Each month, CAA’s Committee on Women in the Arts selects the best in feminist art and scholarship. The following exhibitions and events should not be missed. Check the archive of CWA Picks at the bottom of the page, as several museum and gallery shows listed in previous months may still be on view or touring.

November 2016

This is Political (painting): Kajsa Dahlberg, A K Dolven, VALIE EXPORT, Claire Fontaine and Alexandra Pirici
Kunsthall Trondheim
Kongens gate 2, 7011 Trondheim, Norway
October 20, 2016–February 26, 2017

Kunsthall Trondheim is inaugurating its new permanent space with the international women exhibition project this is a political (painting). The exhibition, curated by Helena Holmberg, borrows its title from A. K. Dolven’s work this is a political painting (2013) and presents work by Dolven (Norway), Kajsa Dahlberg (Sweden), VALIE EXPORT (Austria), Claire Fontaine (France), and Alexandra Pirici (Romania) that reflects on the complex relationship between the individual human body and the social backgrounds that support it from diverse perspective and visual languages.

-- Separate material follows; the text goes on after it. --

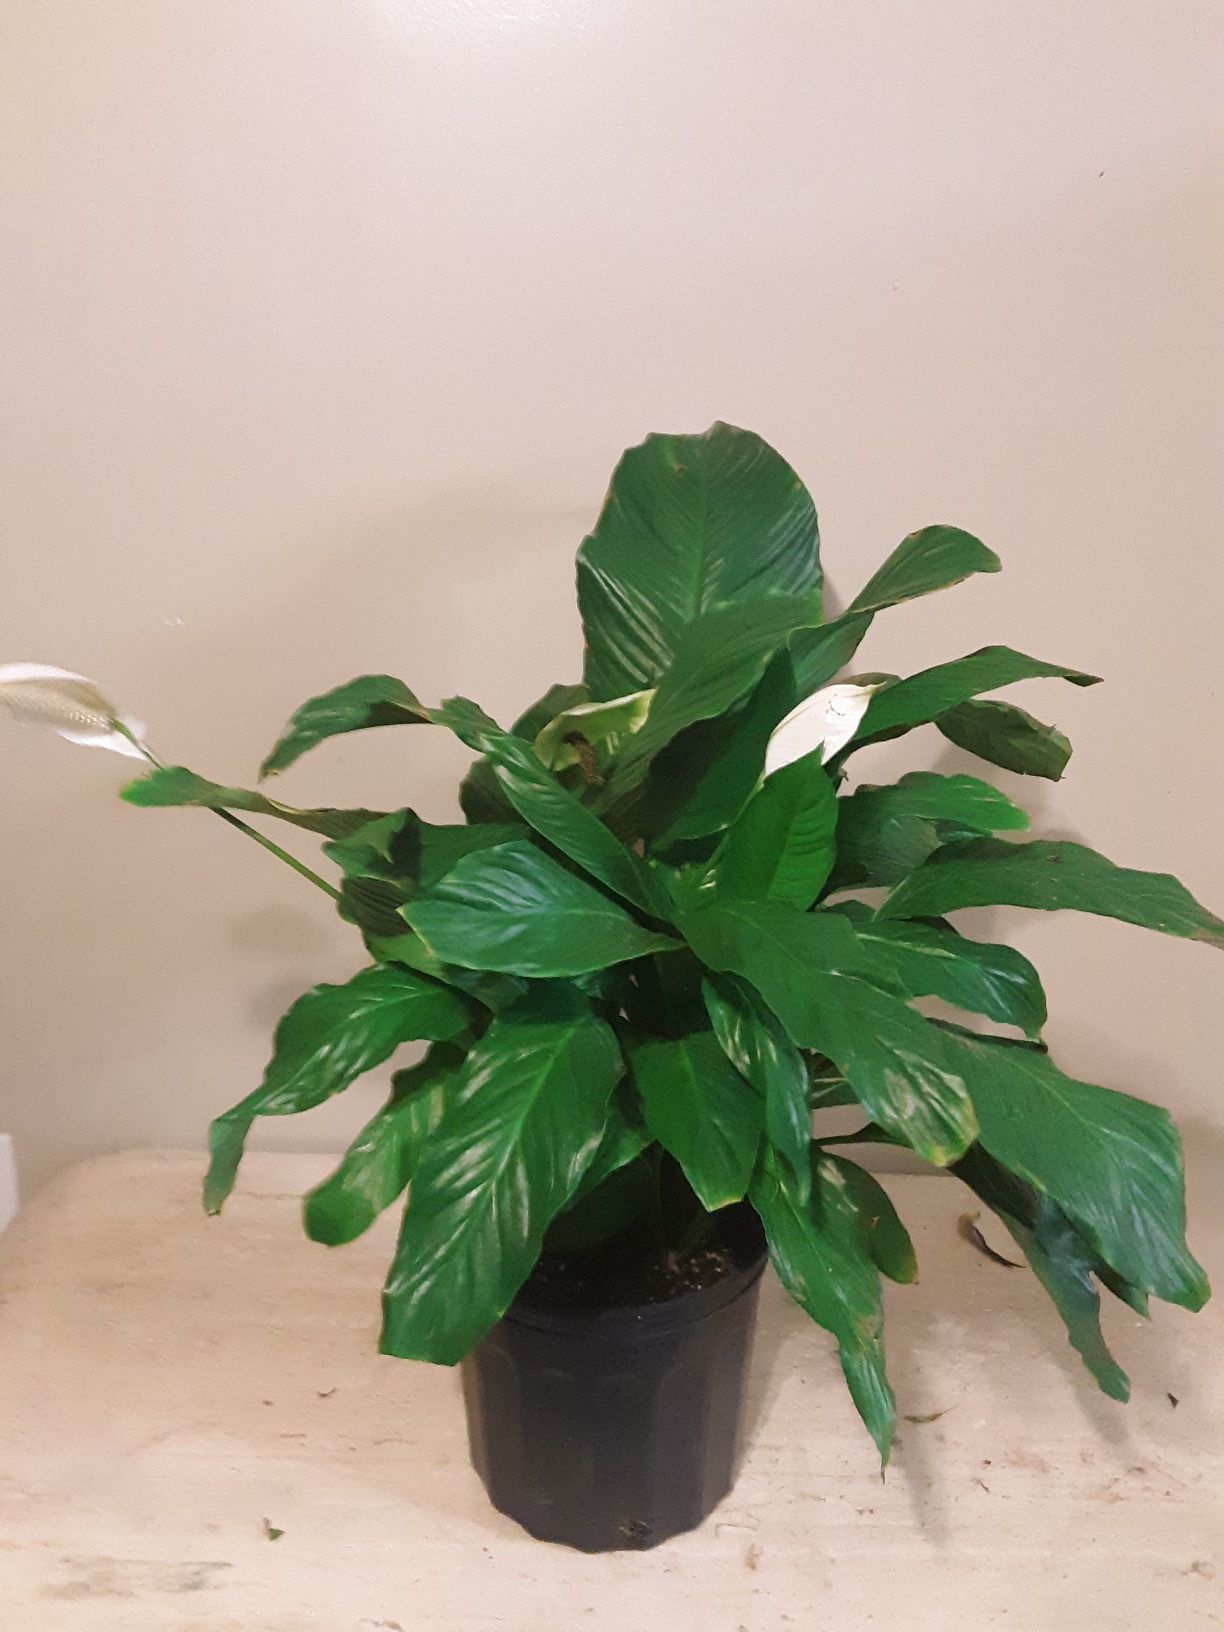 Peace lily plants 3 gallons pot 2ft 4 inches tall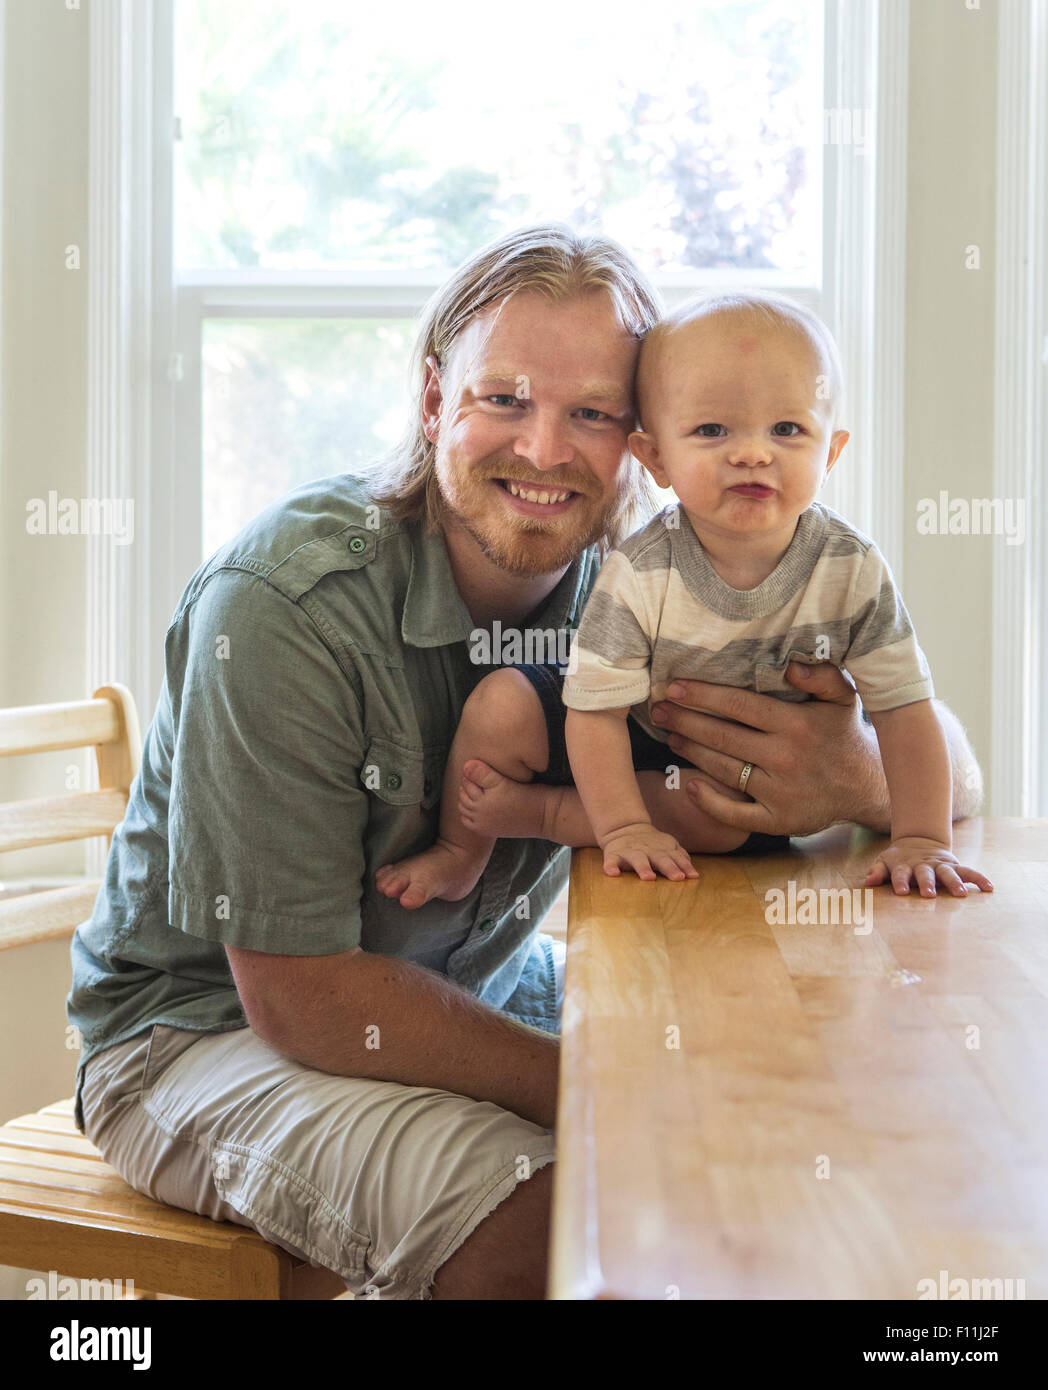 Caucasian father and son smiling at table Stock Photo

Dolven presents a personal and politically meaningful fingerprints pattern-work that speaks about a body that perseveres to remind of its existence, its place and conditions in society, and the carried identity along the boundaries for its potentials. Fontaine’s large neon work series Foreigners Everywhere addresses to us all as being foreigners in most places, with the exception of a very limited part of the world. For the exhibition, Foreigners Everywhere has been translated into the fifteen most spoken languages, including the local minority language South Sami. EXPORT’s presents Body Configurations (1972–82) and Body Sign Action (1970), two emblematic images of the female body’s relation to society, a critical oeuvre that is constantly scrutinizing the societal structures from a feminist and conceptual viewpoint that always proposes resistance. In her film Reach, Grasp, Move, Position, Apply Force (2015), Dahlberg revisits the early history of film and film’s appliance in experiments and research on the systemized movement of the working human body. In Monument to Work, Pirici has undertaken interviews and research on movements performed by industrial workers through their working life, movements that will be choreographed by the artist herself and enacted by a group of people forming a living monument at the Kunsthall Trondheim exhibition space.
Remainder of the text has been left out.